The fact that biometric data is irreplaceable and is not secret, makes the issue of the integrity of this data extremely critical.
The biggest issue surrounding biometric authentication technologies is that once the biometric data has been compromised, there is no way to undo the damage done.
Moreover, the database that stores the reference templates could be hijacked.
If unauthorized access is obtained to this database, the templates could be deleted or replaced.
Furthermore, the attacker could use Trojan Horse attacks to change the behavior of the authentication process, thereby compromising the integrity.
However, it is important to note that biometrics are an extremely convenient method of authenticating oneself.
Therefore, instead of replacing biometric authentication, it would be efficient to have a solution that would improve the current state and make the authentication process much more secure.
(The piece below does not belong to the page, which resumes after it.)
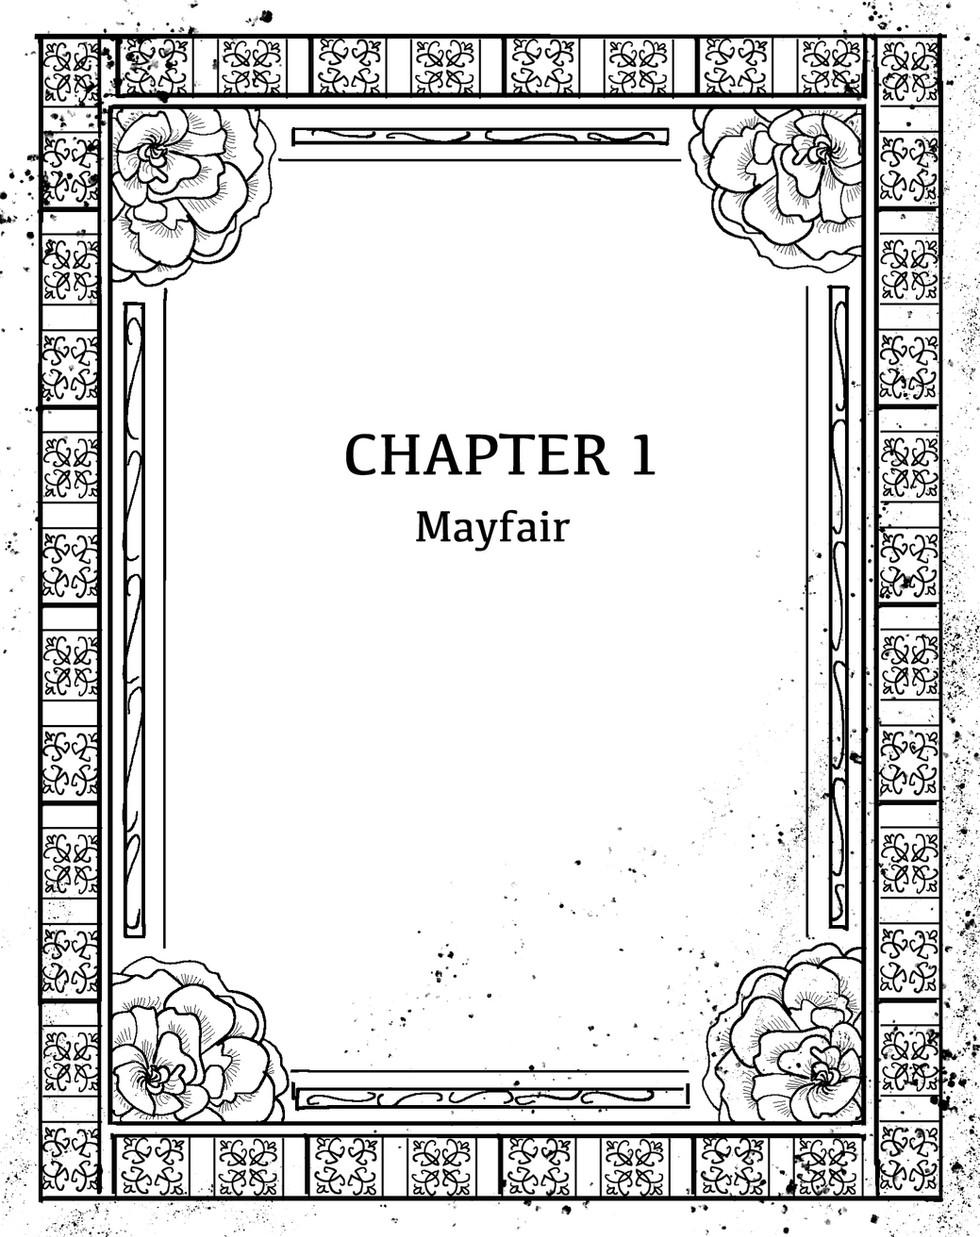 Amnesia_ChapterCard_1.jpg

It would be ideal to have a solution that not only focuses on enhancing the biometric authentication process, but also focus on possible attacks that could compromise the solution like masquerading attacks and Trojan Horse attacks.
**Individual Research Questions**
*Shahan A. R. M. (IT18035940)*
How to protect the proposed solution from spoofing / tracing attacks?
*Shamry M. N. M. (IT18123296)*
How to secure biometrics even if it gets compromised?
*M. W. D. S. De Silva (IT18133646)*
How to protect the authentication process from Trojan Horse attacks?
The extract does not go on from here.